May 15, 2014 at 9:00 am #2285
I have already graduated college with a associates degree. Most jobs require 2+ yrs experience or a bachelors degree. I should have taken an internship during my college studies but did not do so.
My question is, what is the requirements for internship? Do you need to be enrolled in classes to do an internship? I have a interview on Monday for paid internship but do not know if I qualify for internship since I am not enrolled in any classes. It is paid and I know it is not permanent but it will be work experience which I do not currently have. Any input and/or advice is greatly appreciated. Thanks all for your time
May 15, 2014 at 9:02 am #2288
Fact Sheet #71: Internship Programs Under The Fair Labor Standards Act
This fact sheet provides general information to help determine whether interns must be paid the minimum wage and overtime under the Fair Labor Standards Act for the services that they provide to “for-profit” private sector employers.

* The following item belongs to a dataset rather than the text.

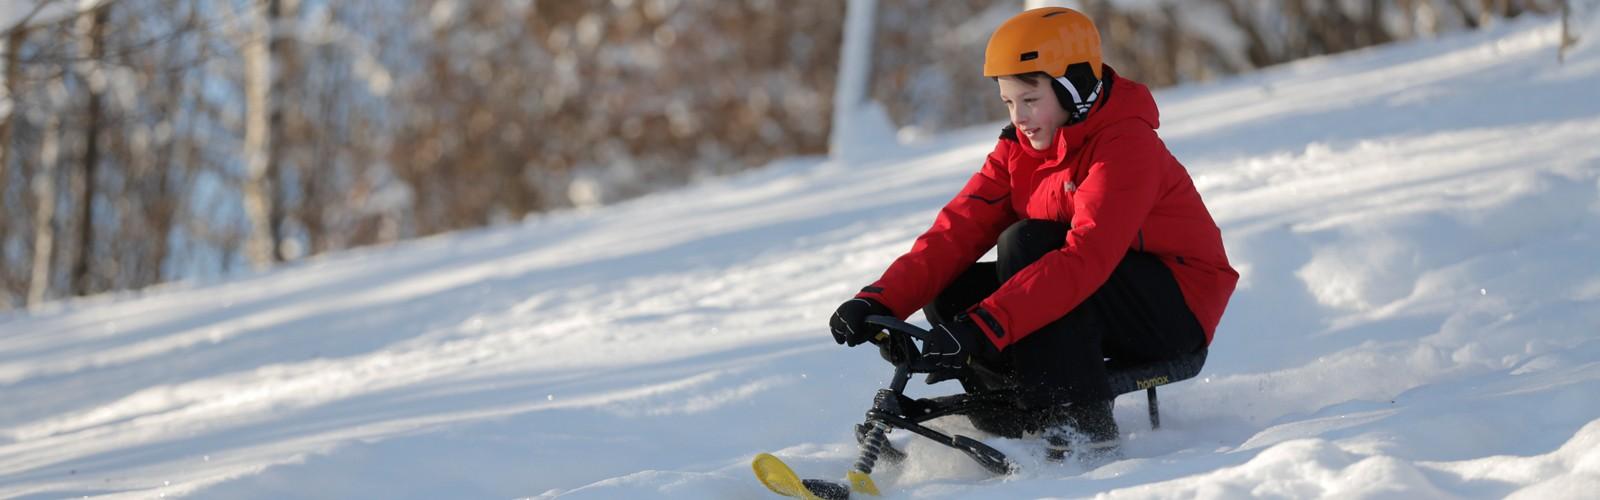 Hamax snow sledges children having fun

The Fair Labor Standards Act (FLSA) defines the term “employ” very broadly as including to “suffer or permit to work.” Covered and non-exempt individuals who are “suffered or permitted” to work must be compensated under the law for the services they perform for an employer. Internships in the “for-profit” private sector will most often be viewed as employment, unless the test described below relating to trainees is met. Interns in the “for-profit” private sector who qualify as employees rather than trainees typically must be paid at least the minimum wage and overtime compensation for hours worked over forty in a workweek.
The Test For Unpaid Interns
There are some circumstances under which individuals who participate in “for-profit” private sector internships or training programs may do so without compensation. The Supreme Court has held that the term “suffer or permit to work” cannot be interpreted so as to make a person whose work serves only his or her own interest an employee of another who provides aid or instruction. This may apply to interns who receive training for their own educational benefit if the training meets certain criteria. The determination of whether an internship or training program meets this exclusion depends upon all of the facts and circumstances of each such program.
The following six criteria must be applied when making this determination:
The internship, even though it includes actual operation of the facilities of the employer, is similar to training which would be given in an educational environment;
The internship experience is for the benefit of the intern;
The intern does not displace regular employees, but works under close supervision of existing staff;
The employer that provides the training derives no immediate advantage from the activities of the intern; and on occasion its operations may actually be impeded;
The intern is not necessarily entitled to a job at the conclusion of the internship; and
The employer and the intern understand that the intern is not entitled to wages for the time spent in the internship.
If all of the factors listed above are met, an employment relationship does not exist under the FLSA, and the Act’s minimum wage and overtime provisions do not apply to the intern. This exclusion from the definition of employment is necessarily quite narrow because the FLSA’s definition of “employ” is very broad. Some of the most commonly discussed factors for “for-profit” private sector internship programs are considered below.
Similar To An Education Environment And The Primary Beneficiary Of The Activity
In general, the more an internship program is structured around a classroom or academic experience as opposed
to the employer’s actual operations, the more likely the internship will be viewed as an extension of the
individual’s educational experience (this often occurs where a college or university exercises oversight over the
internship program and provides educational credit). The more the internship provides the individual with skills
that can be used in multiple employment settings, as opposed to skills particular to one employer’s operation,
the more likely the intern would be viewed as receiving training. Under these circumstances the intern does not
perform the routine work of the business on a regular and recurring basis, and the business is not dependent
upon the work of the intern. On the other hand, if the interns are engaged in the operations of the employer or
are performing productive work (for example, filing, performing other clerical work, or assisting customers),
then the fact that they may be receiving some benefits in the form of a new skill or improved work habits will
not exclude them from the FLSA’s minimum wage and overtime requirements because the employer benefits
from the interns’ work.
Displacement And Supervision Issues
If an employer uses interns as substitutes for regular workers or to augment its existing workforce during
specific time periods, these interns should be paid at least the minimum wage and overtime compensation for
hours worked over forty in a workweek.